The Clam’s of a kind staff photographer, Steve Brosnihan, is back again. After a few mix-ups that could be attributed to editor/staffer miscommunication, we decided to give Steve a very easy task. One no one could mess up. We asked him to take some pictures of Fiesta. “Great!” we thought, “He will come back with some excellent photos of confetti, children dressed in white, and carnival rides!”
This is what we got.
The Sixth Hour: Viva Siesta
While at one of the many parties and late-night open mics we frequent, my machete wielding employers asked me to produce a photo piece about something they call ‘Siesta.’ Over a very loud Fela Kuti cover they described Siesta as a colorful, local event full of pageantry and revelry that goes on for days. I kept trying to connect the revelry to the essence of an afternoon nap taken by Spaniards to evade the hottest hours of the mid-day sun and whereby they can prepare for a late day at work and long, elaborate evening meal. I was intrigued and excited to think that our fair city would host such an abstract, conceptual performance piece annually. As the music crescendoed with blaring brass and drums, KT described a few puzzling images including something about cross dressers on a greased telephone pole. I never turn down a challenge, especially when enticed to partake in surrealism, so I agreed to take on the assignment.
An 11th year blow-in, I consider Gloucester my home now, but this Siesta thing has eluded me. The staffers insisted that I document the event during my annual family camping trip to New Hampshire.

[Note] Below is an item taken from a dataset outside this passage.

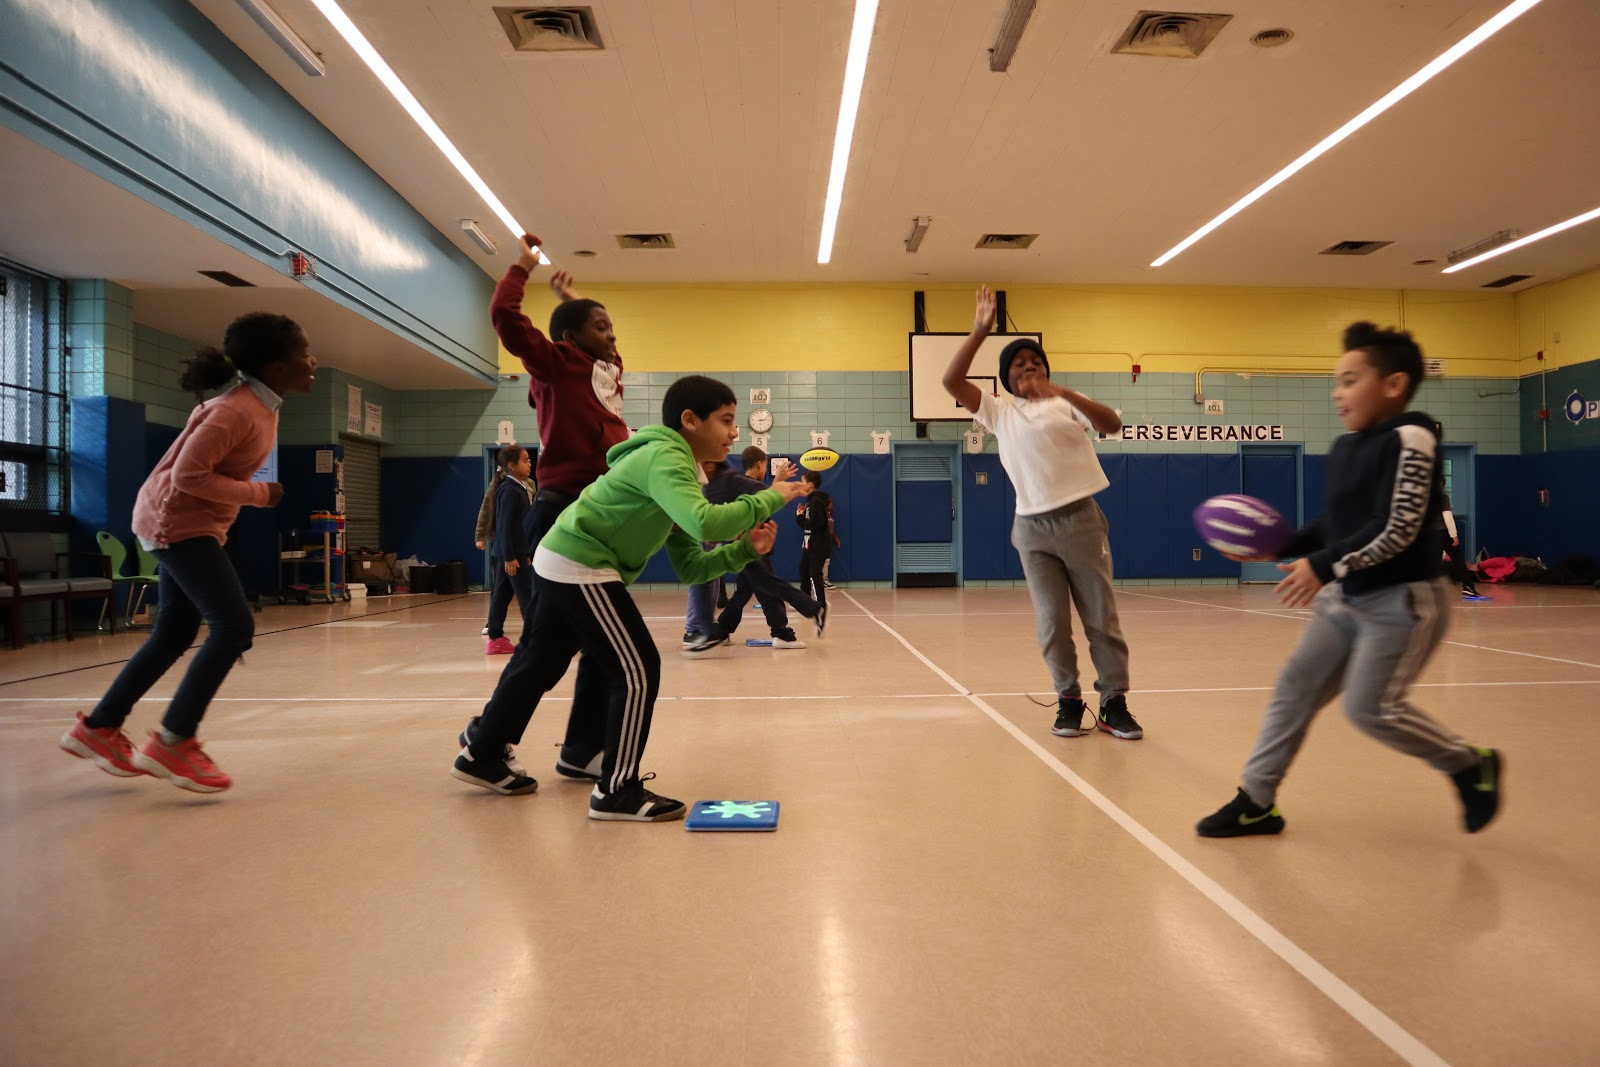 football drills using STEM programs in elementary schools

We take it right after the kids get out of school at the end of every June. When I mentioned to the Clamsters that I would have to cover Siesta from up there, they shrugged and said “OK.” Conceptual indeed!
To get in the mood, I dusted off my old CD of Marcus Miller and Miles Davis playing “Music from Siesta” the soundtrack from the somewhat obscure 1987 art film by Mary Lambert and put it on repeat for the 4 hour drive. If traveling alone, I would have played my vinyl copy, but the 3-axis active turntable isolation gimbal takes up too much space in the family minivan. I had to settle for the grainy harshness of digital. Anything for the kids. For imagery, I loaded some fresh film into my newly acquired Rolleiflex SL 35M sporting a Zeiss licensed 50mm f 1.8 planar: Six blades of Petzval-like bokeh when wide open. The fungus in the lens is minor, worse in the pentaprism, but it’s still a great shooter. Every time I lift the camera to my face, I can smell the basement that the camera must have been stored in for the past 30 years. Odors always activate my memories. This species of mold must have also inhabited the day bed I often napped on as a kid over at my grandmother’s house—a perfect ambiance for the task at hand. In honor of the sixth hour after dawn, all the shots happened under the glare of a bright midday orb.
I briefly toyed with the idea of scheduling our annual camping trip later in the summer next year but finally decided that the mystery of Siesta should forever continue as a haunting dream-state in the annals of my family lore. Viva Siesta!
Stunning timing each year on your vacation out of town. I wish I’d thought of that.